Plusieurs fois, on évoque ouvertement quelques sujets plus lourds — toujours à travers les expériences vécues par les personnes immigrantes : isolement, racisme, difficulté à se sentir pleinement intégré, doute, incompréhension, en particulier par les enfants accompagnants, qui peuvent ne pas prendre la mesure et les conséquences d’un projet qui n’est pas le leur…

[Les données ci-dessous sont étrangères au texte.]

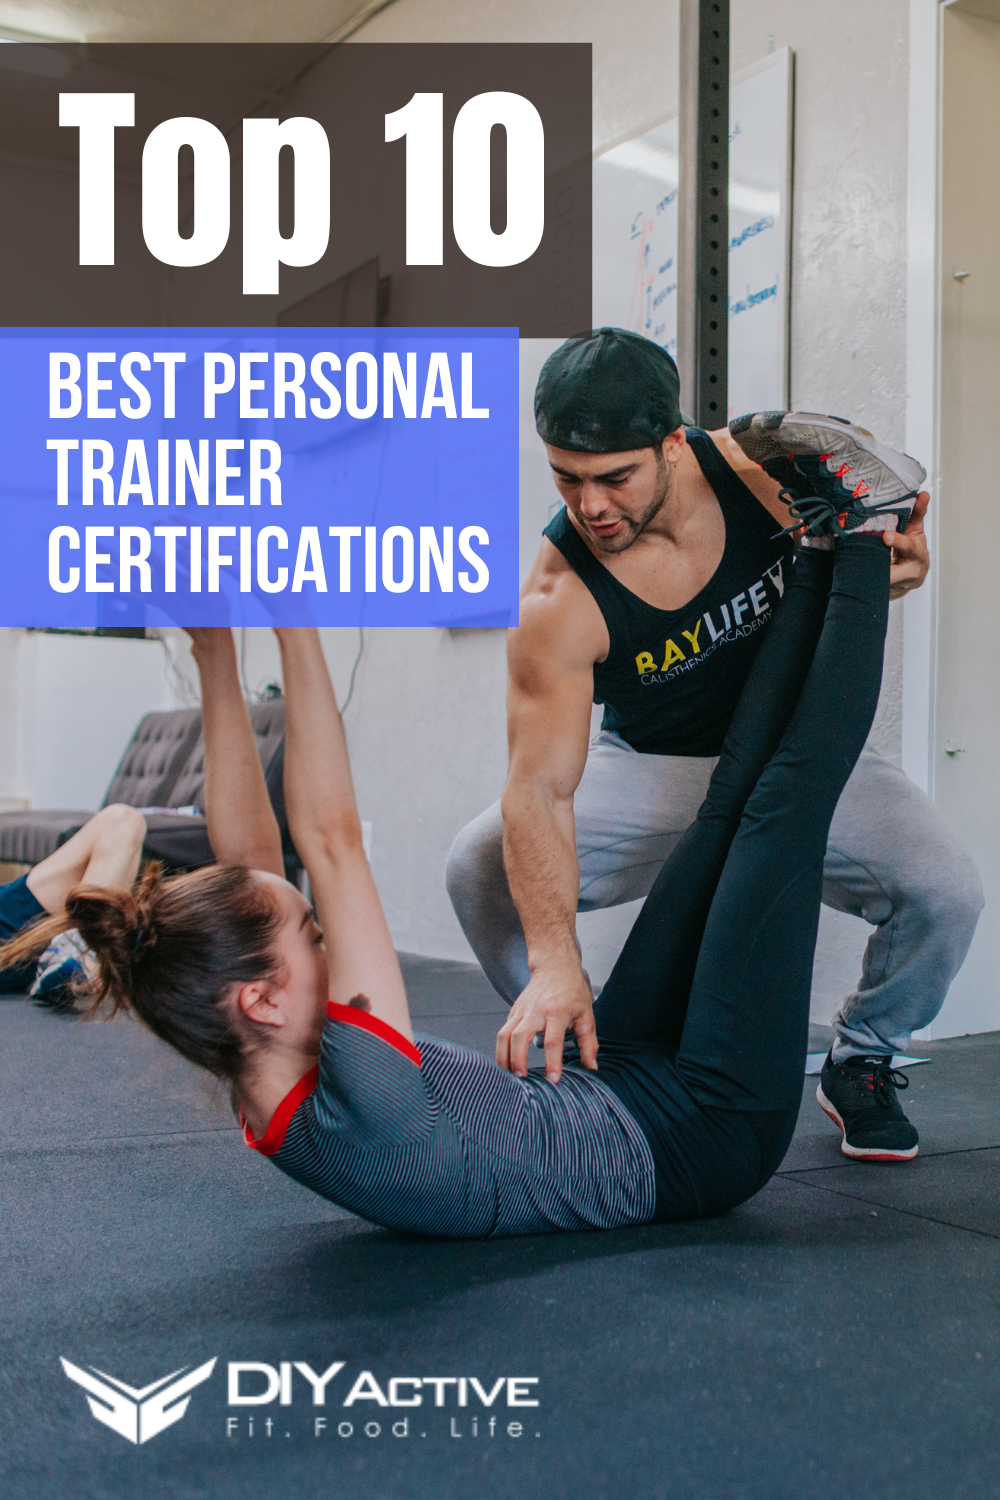 Top 10 Best Personal Trainer Certifications
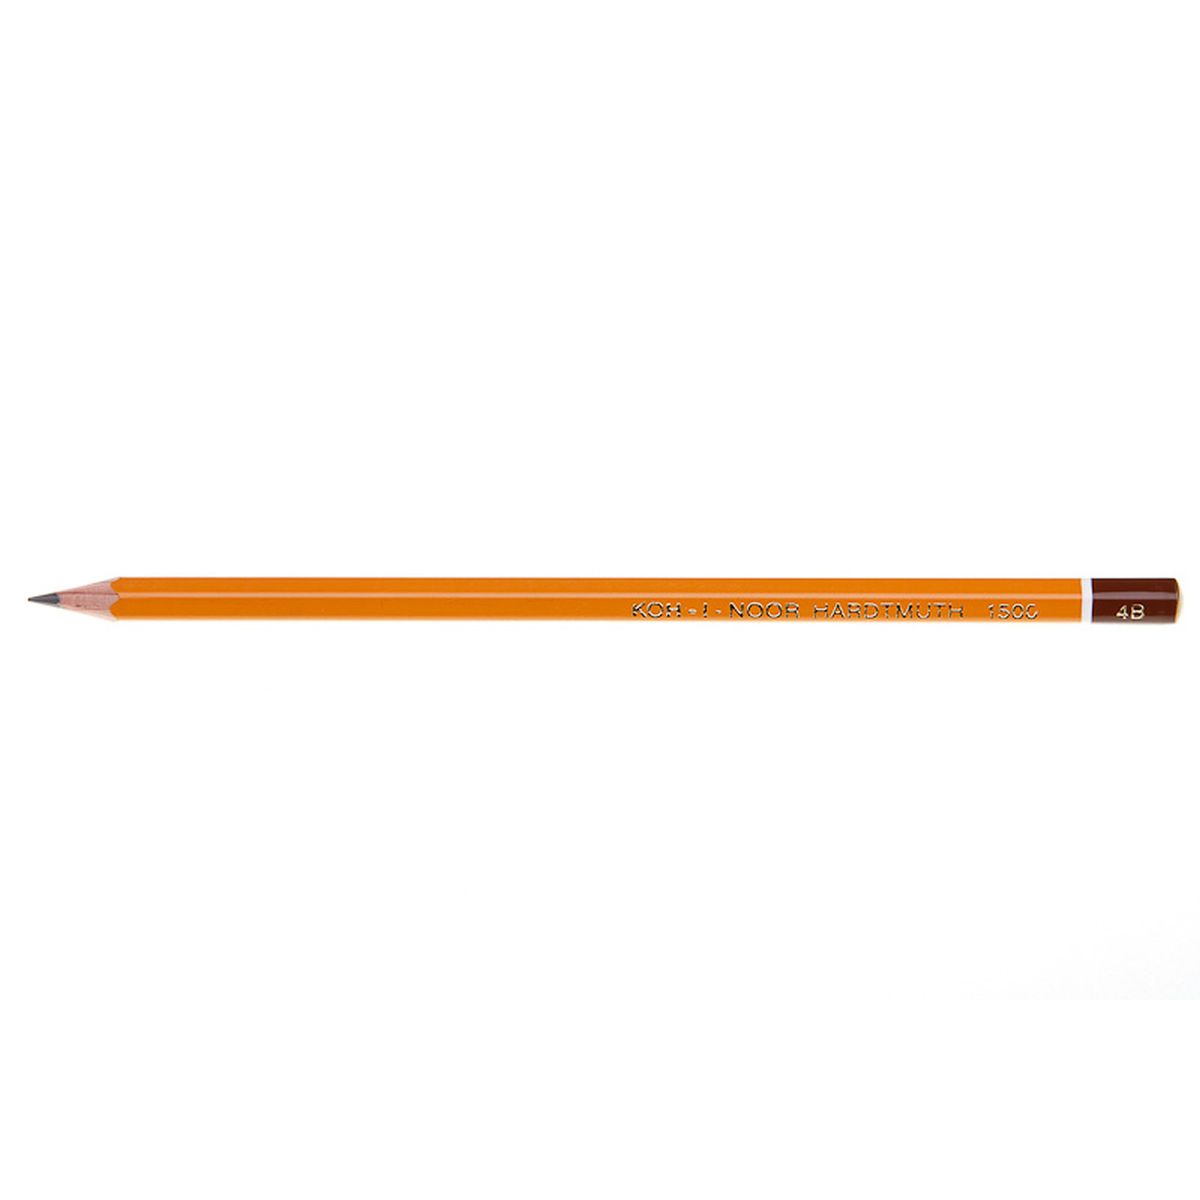 Ołówek Koh-I-Noor 1500 4B

Mais il est une autre réalité de l’immigration dont on parle certes peu, en dépit de sa grande actualité : celle du retour. À travers les épisodes Guérir et Grandir, on opère une très belle distinction entre l’immigration économique et l’immigration humanitaire. L’immigration volontaire et celle que, dans d’autres circonstances, on n’aurait peut-être même pas envisagée. Il en va de même avec le retour. On peut le choisir. Ou bien on peut le subir. Dans tous les cas, l’enracinement se transforme alors, parfois brutalement, en un nouveau déracinement.

Alors, qu’est-ce que ça prend pour Devenir Keb ?

Ce que la série nous révèle, c’est que peu importe d’où l’on vient : l’immigration est une œuvre inachevée — tant vis-à-vis de soi que dans le regard des autres.

Mais l’autre enseignement, celui qui, invariablement, s’impose comme le fil d’Ariane entre chacune des personnes qui ont contribué à la série, c’est qu’il n’y a pas besoin de se sentir Keb pour devenir Keb, c’est-à-dire embrasser des valeurs communes, contribuer au bien-être de sa société d’accueil, s’épanouir et vivre pleinement sa vie ici…

La série Devenir Keb est accessible sur le site de Savoir média et sur sa chaîne YouTube, de même que sur les principales plateformes de balado.